Bin Laden e o silêncio da justiça

Jorge Adelar Finatto

Somente a realização da justiça é capaz de estabelecer a paz e a verdade. Execuções sumárias, por mais eficazes e espetaculares que pareçam ser, não têm este poder.

A morte de Osama bin Laden por um comando militar americano, no Paquistão, foi divulgada e celebrada pelo presidente Barack Obama. Disse o governante dos Estados Unidos que o mundo está mais seguro agora. Será tão simples assim?

Perdeu-se, na verdade, uma boa oportunidade de avançar na construção de uma ordem jurídica e judicial internacional. Osama era tido como terrorista número um do planeta, líder da Al Qaeda, grupo responsável, segundo fontes norte-americanas, pelos atentados de 11 de setembro de 2001 nos Estados Unidos, que fizeram cerca de 3.200 mortos.

As terríveis cenas dos ataques terroristas contra as torres gêmeas do World Trade Center, em Nova York, falam por si. Poucas vezes no mundo se viu tamanha monstruosidade. Jamais se apagarão da memória humana as imagens dos aviões com passageiros sendo jogados sobre os edifícios e explodindo. A revolta da sociedade americana e mundial contra os atos de barbárie é perfeitamente compreensível e aceitável.

Todavia, o enfoque dos Estados Unidos e de outros países que também foram atingidos pelo terror, como Espanha e Inglaterra, deveria ser sempre o da persecução, prisão e julgamento dos responsáveis.

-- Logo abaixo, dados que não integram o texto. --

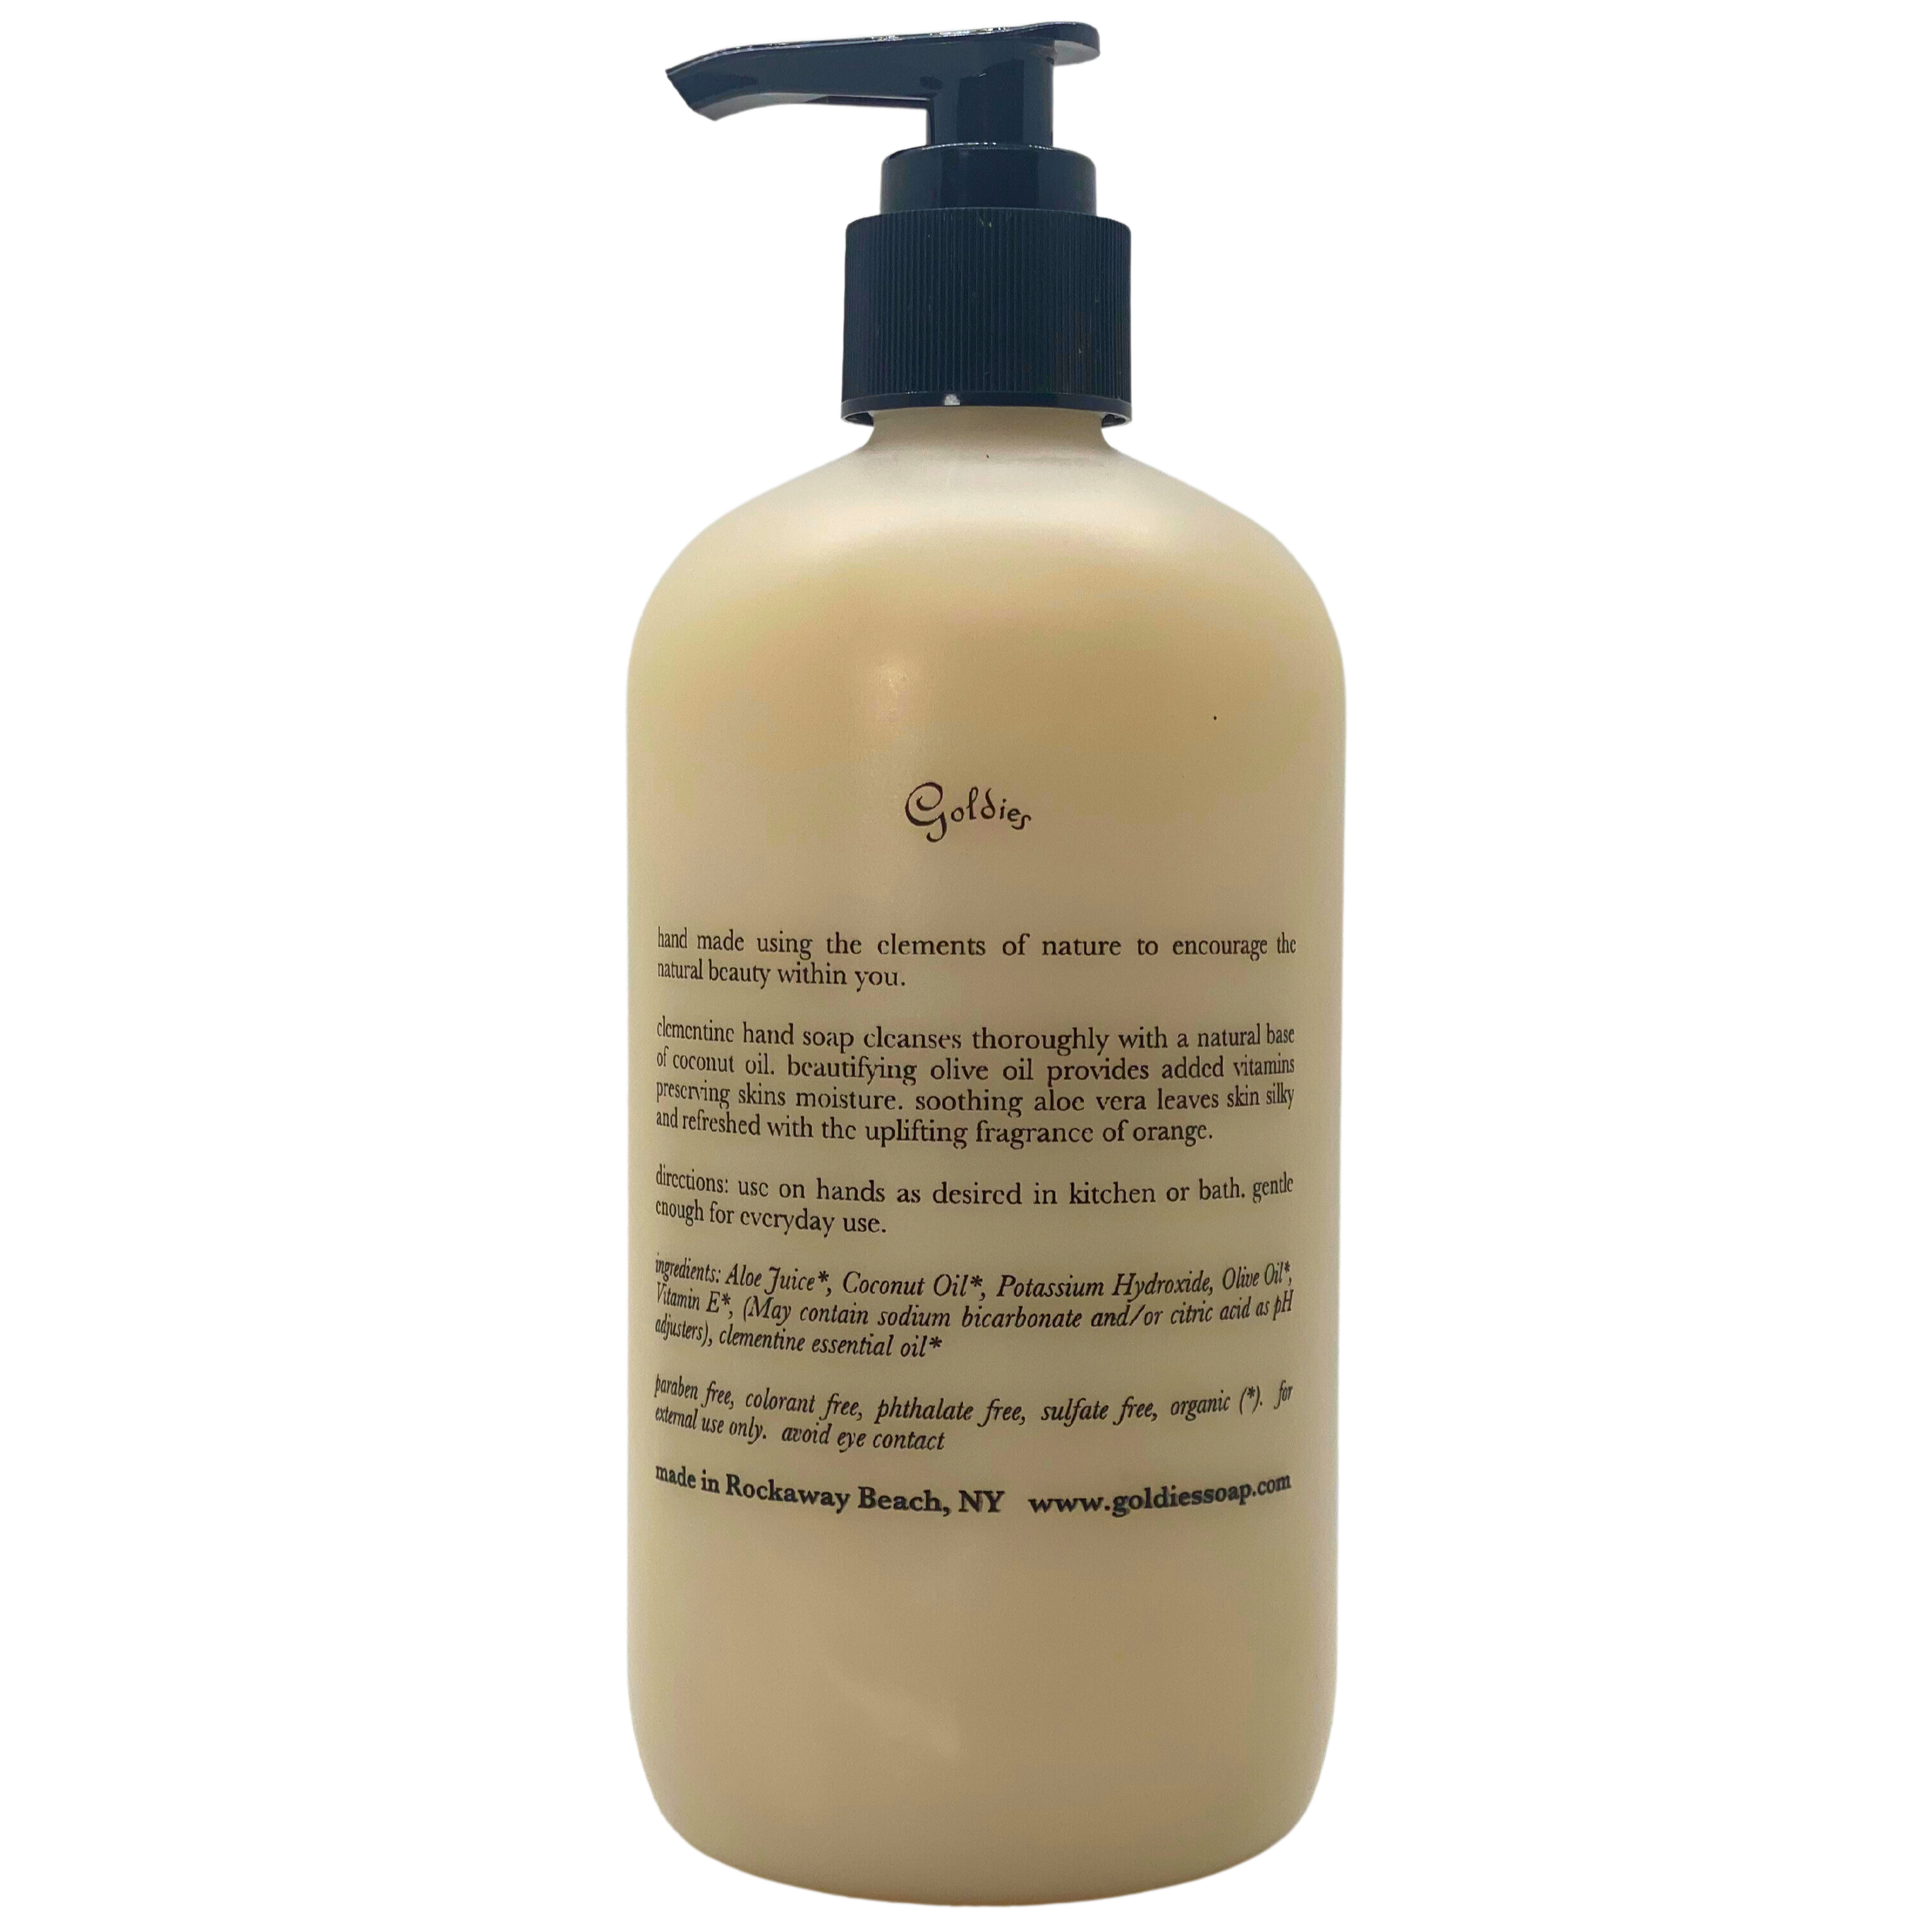 Clementine Hand Soap

A vingança, seja entre particulares ou aquela perpetrada pelo Estado, não se confunde com justiça.

A separação dos poderes do Estado foi uma das mais importantes conquistas da humanidade. Cabe ao Judiciário o julgamento, dentro das regras legais, entre as quais o direito de ampla defesa e a publicidade do processo. Não existe qualquer dúvida de que culpados por crimes de terrorismo devem ser punidos com absoluto rigor, mas isso deve ocorrer observando-se a lei.

O que houve, neste caso, foi o julgamento midiático de Osama bin Laden, baseado, fundamentalmente, em informações e conclusões das autoridades americanas. A opinião pública se formou em torno disso. Não houve empenho por um julgamento judicial, como se requer de nações ditas civilizadas e do Estado democrático de direito.

A captura e o julgamento de Bin Laden eram fundamentais para desarmar os espíritos, apontar um novo rumo nas relações internacionais, além de ser um marco no enfrentamento do terrorismo que se articula em várias regiões do mundo. Alguns arguem que seria impossível capturá-lo vivo. Será mesmo? Ao menos se tentou? Informações ontem divulgadas pelo porta-voz da Casa Branca dão conta de que o terrorista estava desarmado no momento do ataque.

O que este episódio revela, na essência, é a concretização de um ato de execução contra quem foi considerado responsável por uma das mais tristes tragédias de que se tem conhecimento na história. Isto, contudo, não é fazer justiça e dificilmente tornará o mundo um lugar mais seguro e melhor para se viver.